À l’occasion de la présentation le 9 mars du rapport annuel d’évaluation des menaces qui pèsent sur la situation internationale devant le comité du renseignement sénatorial américain, la directrice nationale du renseignement, Avril Haines, a donné la vision des différentes agences US à ce sujet.

La Chine

Le rapport annuel sur l’évaluation des menaces fait largement référence à celles représentées par la Chine et la Russie. Il y est précisé que Pékin va continuer à intimider ses rivaux en Mer de Chine méridionale.
Pour Haines, la Chine va continuer à approfondir sa coopération avec la Russie afin de tenter de s’opposer aux États-Unis malgré la condamnation internationale de l’invasion de l’Ukraine.
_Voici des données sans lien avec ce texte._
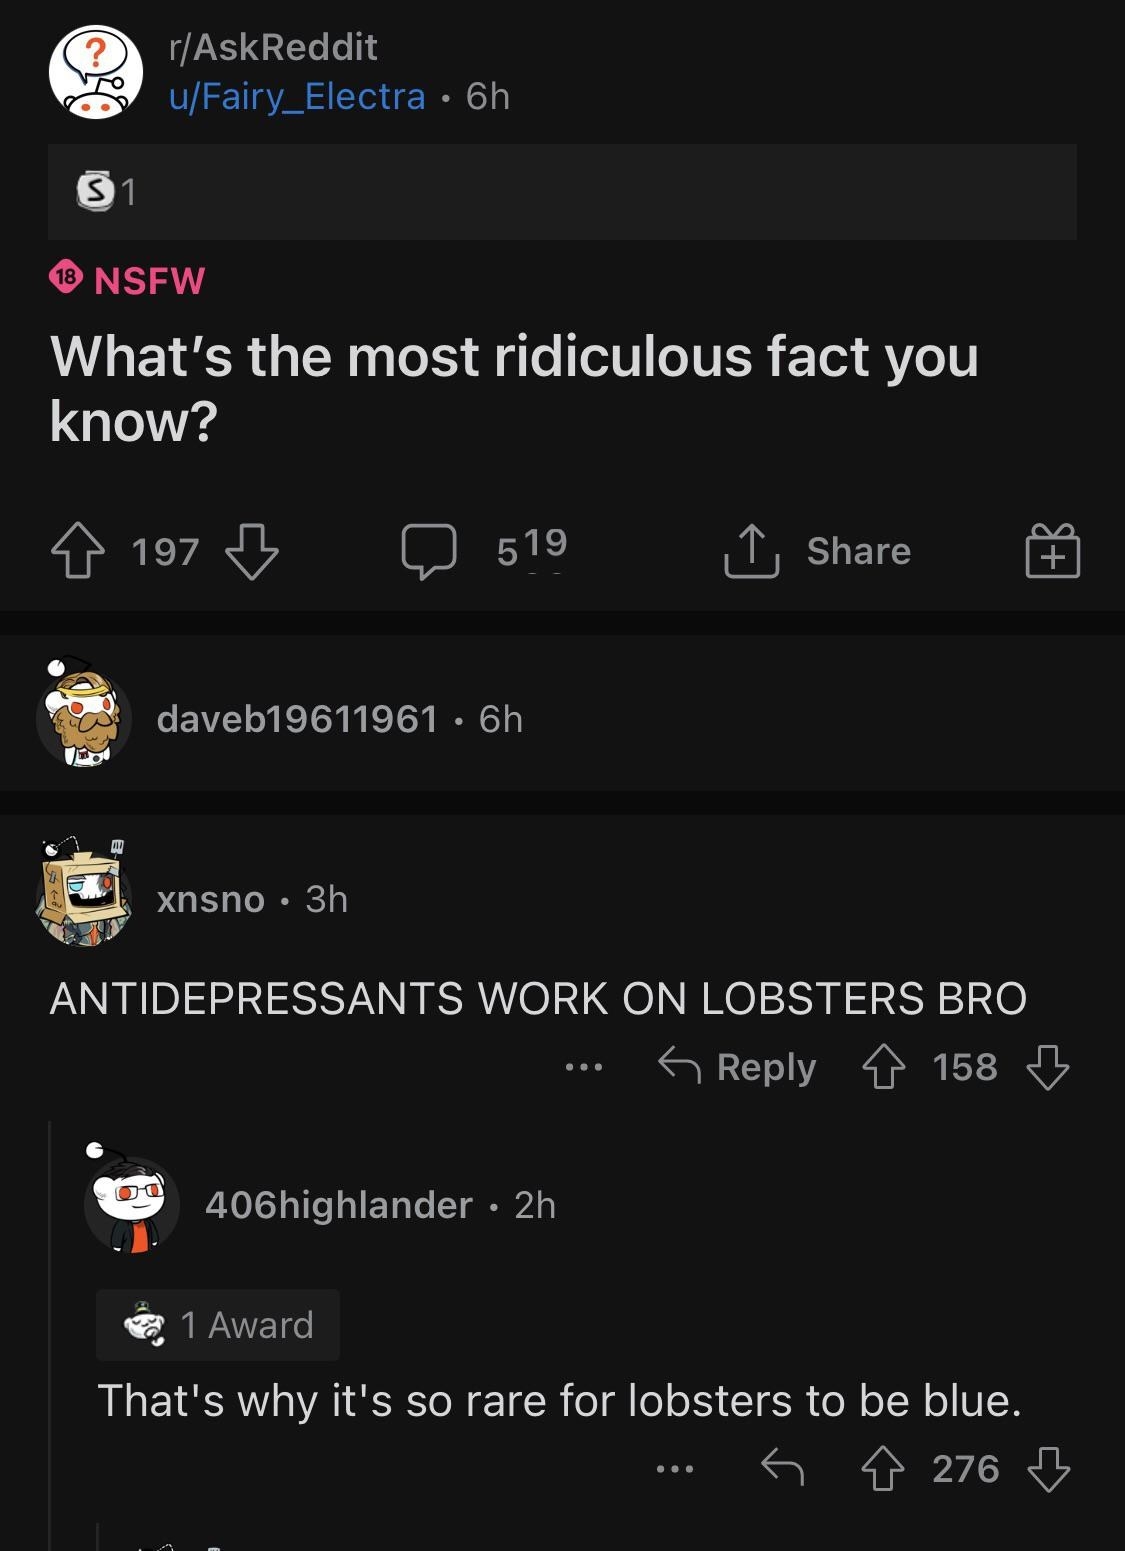 a person asks for fun facts and someone says antidepressants work on lobsters

Elle pense que cela pourrait avoir comme conséquence de diminuer le « soutien affiché » dont elle bénéficie auprès de nombreux autres pays.
Haines a insisté : « il est inutile de rappeler que la République Populaire de Chine qui accroît constamment sa compétition avec les États-Unis sur les plans économique, technologique, politique et militaire dans le monde entier reste notre priorité sans égale ».
Pour atteindre la vision du président Xi Jinping qui souhaite transformer la Chine en une puissance dominante, le Parti communiste chinois (PCC) « est de plus en plus convaincu que cela ne peut se faire qu’à la condition de s’opposer à la puissance et à l’influence des États-Unis ».

Toutefois, les services de renseignement US estiment que Beijing croit qu’il est pour le moment à son avantage de maintenir des relations internationales stables malgré les dernières critiques acerbes du président Xi à l’égard de Washington.
En effet, le 6 mars, Xi a blâmé l’Occident pour les difficultés économiques rencontrées par Pékin en accusant les États-Unis de mener une politique internationale destinée à « contenir » la Chine.

Répondant à une question lui demandant si les relations sino-russes étaient une « histoire d’amour », Haines a répondu qu’« elle hésiterait à employer ces termes car il y a quelques limitations dans ces relations […] Nous ne pensons pas qu’ils vont devenir des alliés de la même manière que nous le sommes avec les pays membres de l’OTAN, mais néanmoins, nous constatons un accroissement (de la coopération) dans tous les secteurs ».

Le Russie

Selon le rapport, la Russie ne cherche pas à entrer en conflit avec les États-Unis et l’OTAN mais toutefois la guerre en Ukraine constitue un « grand risque » [de dérapage]. Les échecs militaires russes répétés risquent d’affaiblir la position du président Vladimir Poutine à l’intérieur. Cela pourrait le pousser à se lancer dans une escalade militaire.

Haines qualifie le conflit en Ukraine comme « une grinçante guerre d’attrition ». La communauté du renseignement américaine ne prévoit pas que la puissance militaire russe puisse se reconstituer suffisamment cette année pour être en mesure de faire de nouvelles conquêtes de terrain significatives.

Évaluation

Washington affiche clairement sa politique : son premier adversaire, c’est la Chine.
Selon un tweet publié le 10 mars 2023 par Gérard Araud, ancien ambassadeur de France en Israël puis aux États-Unis, fervent partisan du retour de la France dans le dispositif intégré de l’OTAN : « La carte politique et militaire de l’Asie, avec, d’une part, l’alliance antichinoise de fait entre États-Unis, Japon, Australie et Inde, avec le soutien des Philippines, et de l’autre, la multiplicité des bases américaines, ne révèle pas vraiment une menace chinoise ».

En clair, la politique « agressive » ne vient pas de la Chine aux nuances près : le problème de Taïwan et les revendications maritimes de Pékin.

Il est totalement exact que la Chine compte un jour récupérer Taïwan qu’elle considère comme sa « 23ème province ». Sur le plan des lois internationales, c’est un point de vue qui peut se défendre. À savoir que si Taïwan bénéficie d’une indépendance administrative, politique, diplomatique et militaire par rapport au continent, cette dernière n’a jamais été officiellement proclamée ni par le gouvernement de l’île, ni par celui de Pékin.
Par contre, les revendications maritimes chinoises sont pour la plupart illégales au regard du Droit international.

Il n’empêche que Pékin est en train de prendre une importance sur le plan international qui ne fait pas l’affaire de Washington. Dernier exemple en date : les négociations qui doivent permettre le rétablissement dans les deux mois qui viennent des relations diplomatiques normales entre l’Iran et l’Arabie saoudite.

Il semble que les États-Unis souhaitent – dans leur plus strict intérêt – s’opposer à un nouvel ordre mondial multipolaire avec les « valeurs universelles » comme « religion » à diffuser. Pour cela, ils utilisent tous les moyens à leur disposition en tant que première grande puissance mondiale.